Это поистине революционный выбор, подразумевающий корен­ное изменение в интеллектуальном портрете философии науки. Однако у Куна этот выбор основан, по существу, на негативных соображениях: мы знаем, почему традиционная философская дискурсия не удалась, но мы не знаем, почему социологическая дискурсия открывает лучшие перспективы. Почему, собственно, нахож­дение таких характеристик научных групп, как системы ценностей этих групп, позволяет нам лучше понять развитие науки, чем Реконструкция «логики научного открытия»? Объясняет ли вообще что-нибудь в действительной природе развития науки обнаружение социальных характеристик научных групп? Лакатос утверждает, что последовательность парадигм в теории Куна есть результат некоего мистического обращения в новую веру и что «Кун, признав несостоятельность и прямого подтверждения и фальсификационизма в обеспечении рациональных основ научного роста, теперь, по-видимому, отступает к иррационализму» 23. Лакатос отождеств­ляет рациональность с логицизмом, и вот почему он толкует работы Куна как поворот к иррационализму. Хотя, с другой стороны, Кун не дает никаких опор для отражения этого обвине­ния. Ибо его работы не содержат ответа (конкурирующего с ло­гикой науки), почему и на основании каких предпосылок ис­следовательская практика вообще и смена парадигм в особенности должны считаться рациональными. Ответ на этот вопрос не может прийти от социологии, которую рекомендует Кун, поскольку ее даже при самой благосклонной интерпретации можно в лучшем случае назвать эмпирической социологией малых (здесь академи­ческих) групп. И Кун оказывается беспомощным перед обвинени­ем в поощрении «закона толпы» и принципа «истина держится на силе». Он защищается от этого обвинения единственным оружием, которое имеет, а именно, если перефразировать Лакатоса, отсту­пает на позиции логики открытия24.
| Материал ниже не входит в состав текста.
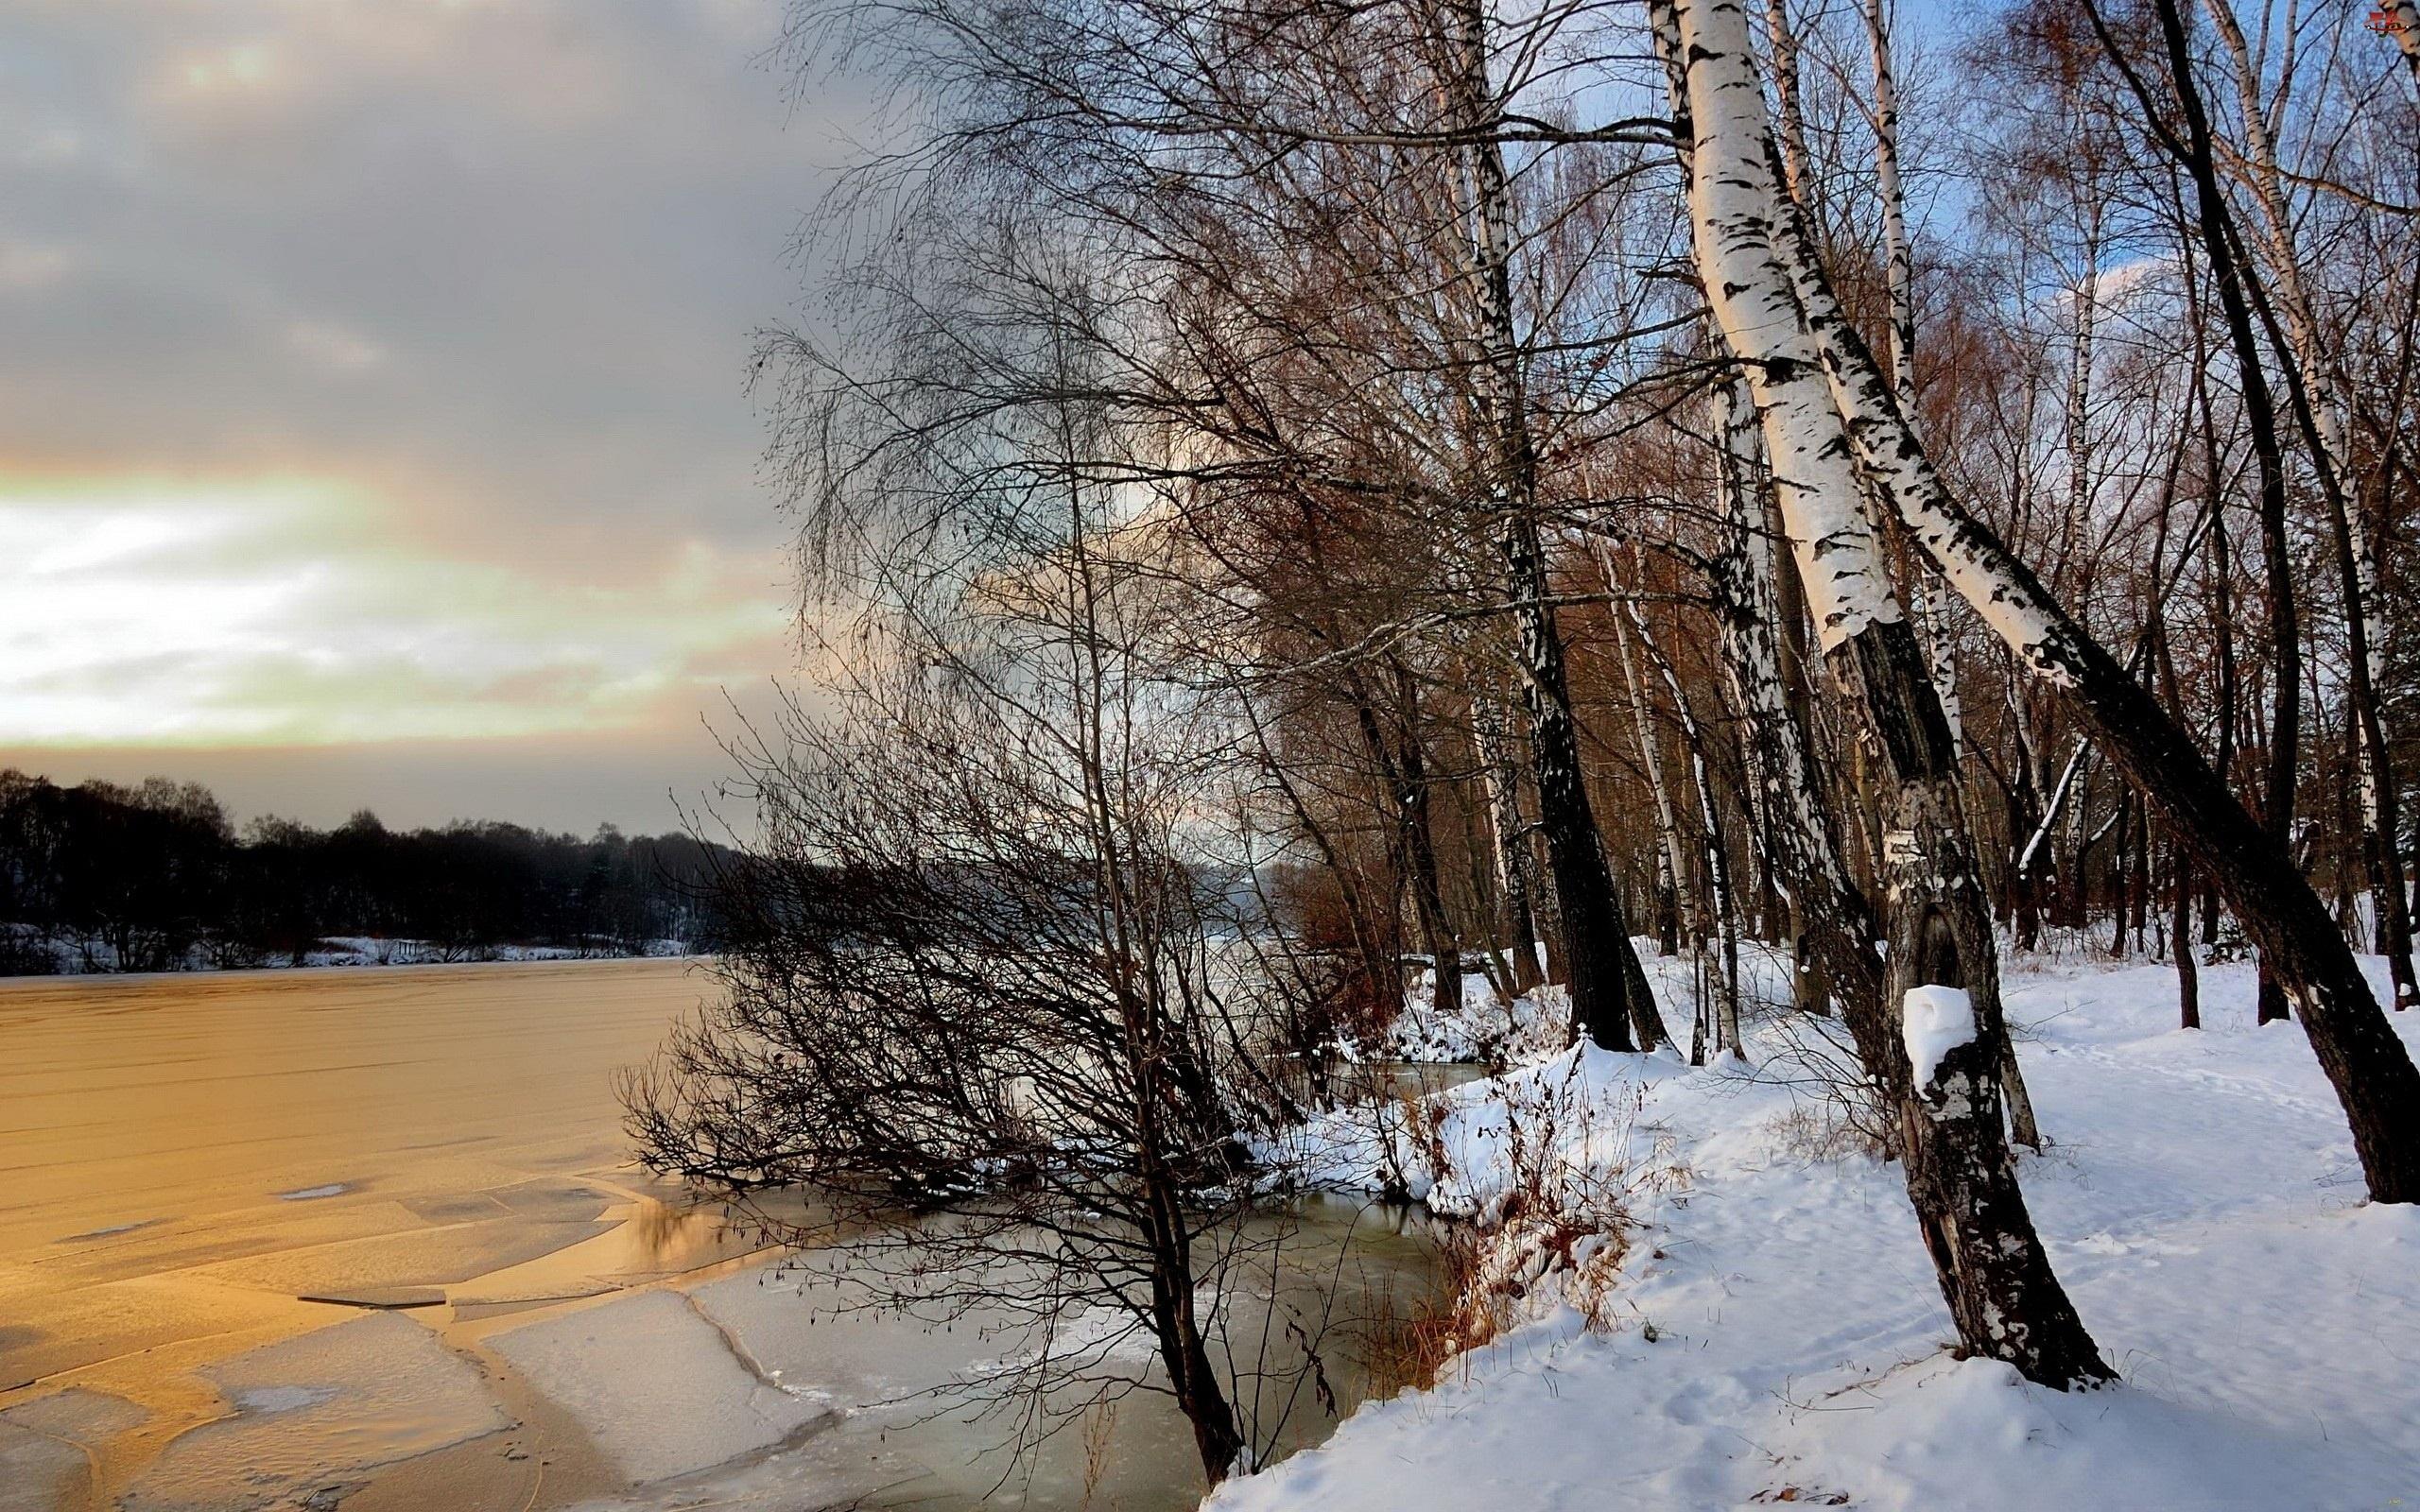 Brzozy, Kra, Śnieg, Rzeka

Философия науки строилась на традиционном допущении, что науку делает отдельный индивидуальный субъект. Кун, по-видимости, подрывает это допущение и вместо индивидуального вводит нечто вроде группового субъекта. Но в его работе нет места общественному субъекту, нет даже предпосылок, которые откры­вали бы перспективу введения такой категории. Групповой субъект есть некое множество индивидуальных субъектов, вступающих друг с другом в социальные (более точно, межличностные) отношения конкретного вида. Групповой субъект в этом смысле является производным от индивидуального субъекта, а его суждения — производными от индивидуальных суждений. Куновская научная группа — эпистемологически лишняя категория: решения груп­пы основаны на решениях ее членов и получают силу только от них.
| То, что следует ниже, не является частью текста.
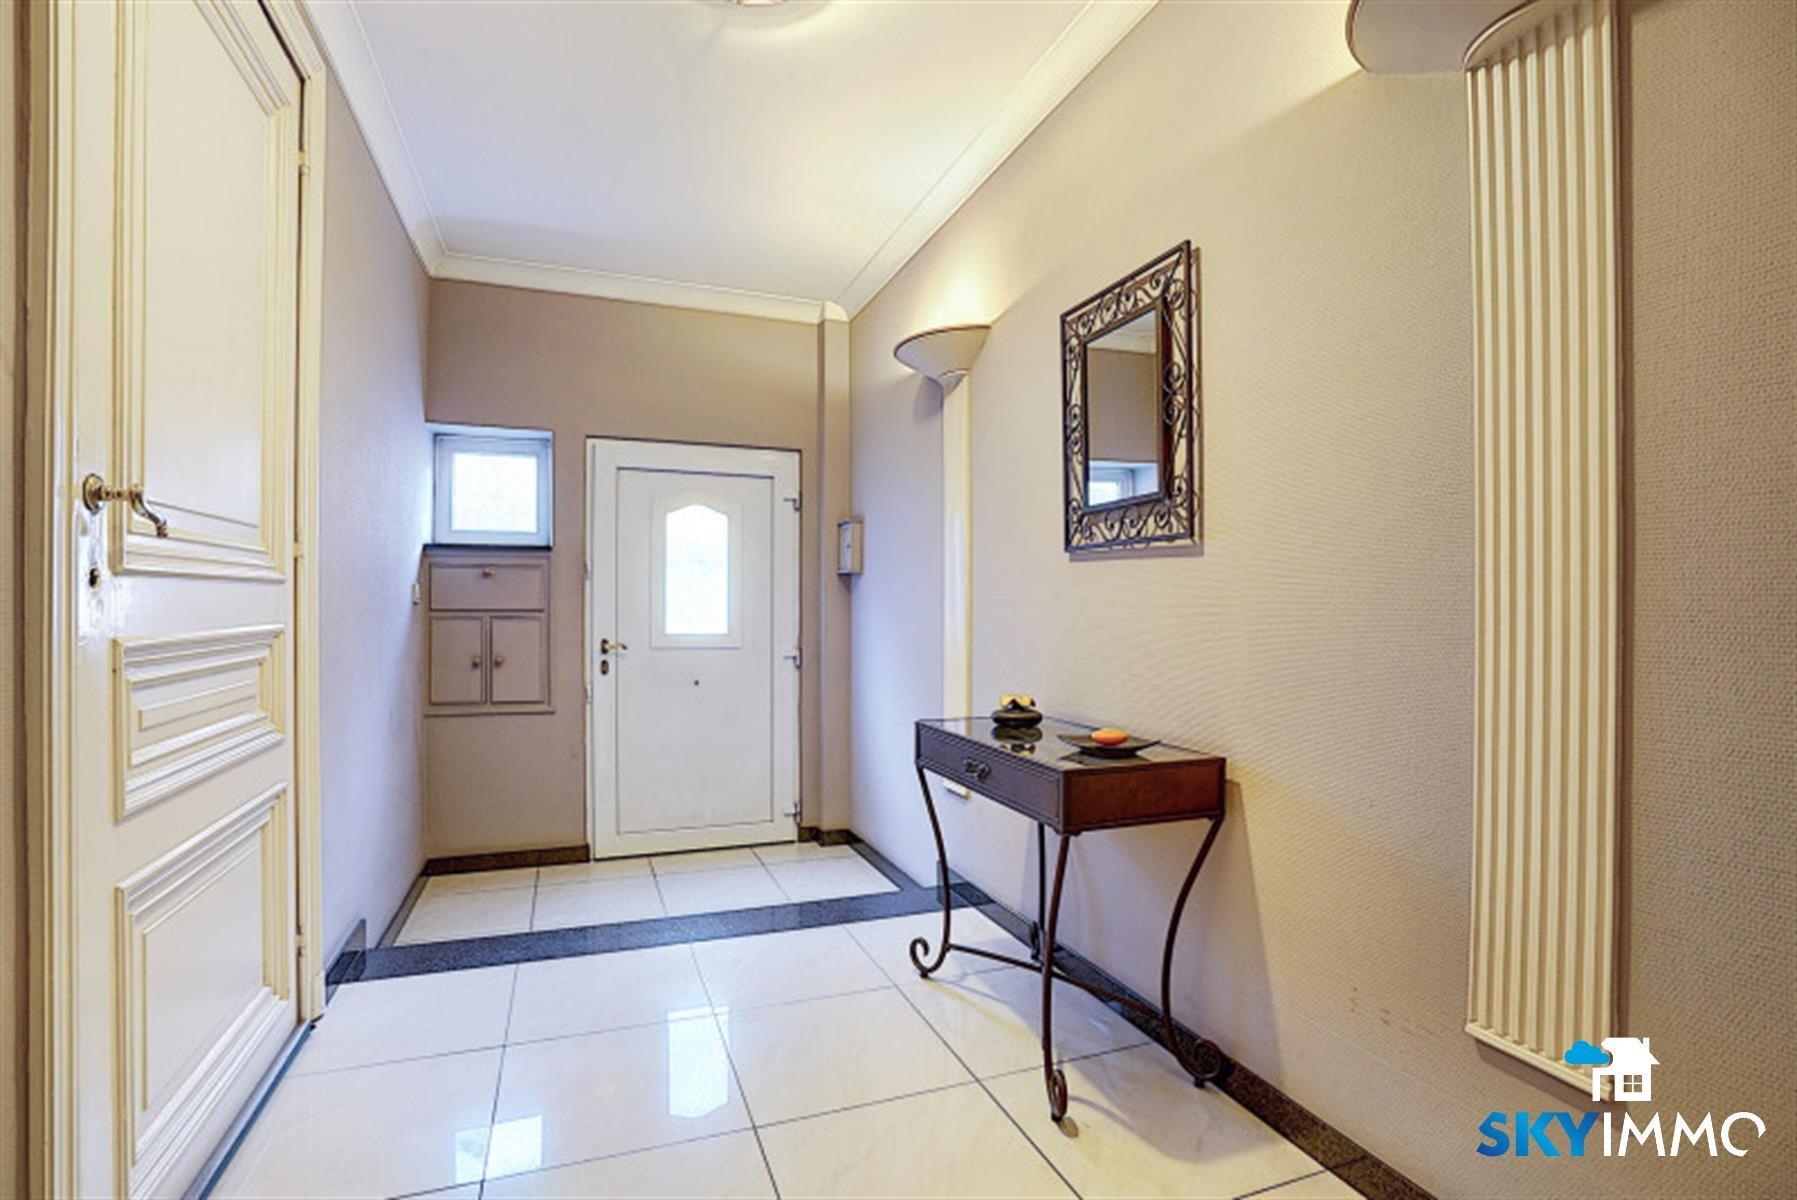 Maison - Liège - #4245744-6

Даже если Кун рассуждает на уровне научной группы, он ставит проблему общезначимости знания на индивидуальном уровне. Он апеллировал и апеллирует к этому уровню (особенно в «Размышлениях о моих критиках»), чтобы отразить обвинение в ир­рационализме и поддержке «закона толпы». Нет, говорит Кун, это ни иррационализм, ни поощрение «закона толпы» или принципа «сила делает право». Ибо толпа отбрасывает ценности, на которые ее члены по отдельности вообще ориентируются, тогда как члены научной группы руководствуются (как это понятно из «Структуры научных революций») партикулярными, частными ценностями и со­ображениями, когда они принимают научные решения, например выбирают теорию. Более того, это те самые ценности, которые обычно описывает философия науки: точность, полнота, простота, плодотворность и т. п. в терминологии Куна. Заключение в его защитительной речи красноречиво, и потому стоит привести егополностью: «Итак, я не отрицаю ни существования хороших на­мерений (good reasons), ни того, что эти намерения очень рас­пространенного сорта. Я, однако, настаиваю, что такие намерения вводят в действие ценности, используемые в самих актах выбо­ра, а не правилах выбора. Ученые, которые разделяют общие ценности, могут тем не менее делать различный выбор в одинаковой конкретной ситуации. В глубине здесь действуют два фактора. Первый: во многих конкретных ситуациях различные ценности (хо­тя все они участвуют в формировании добрых намерений) диктуют различные выводы, разный выбор. В таких случаях конфликта между ценностями (например, одна теория проще, зато другая точнее) относительный вес различных ценностей у разных индиви­дов может играть решающую роль в индивидуальном выборе. Более важно то, что, хотя ученые разделяют эти ценности и должны продолжать действовать соответственно, если науке суждено вы­жить, не все из них применяют ценности одинаково. О простоте, полноте, плодотворности и даже точности разные люди могут судить очень различно (что не значит судить произвольно). И, кроме того, не нарушив ни одного принятого правила, они, воз­можно, будут отличаться в своих выводах»25.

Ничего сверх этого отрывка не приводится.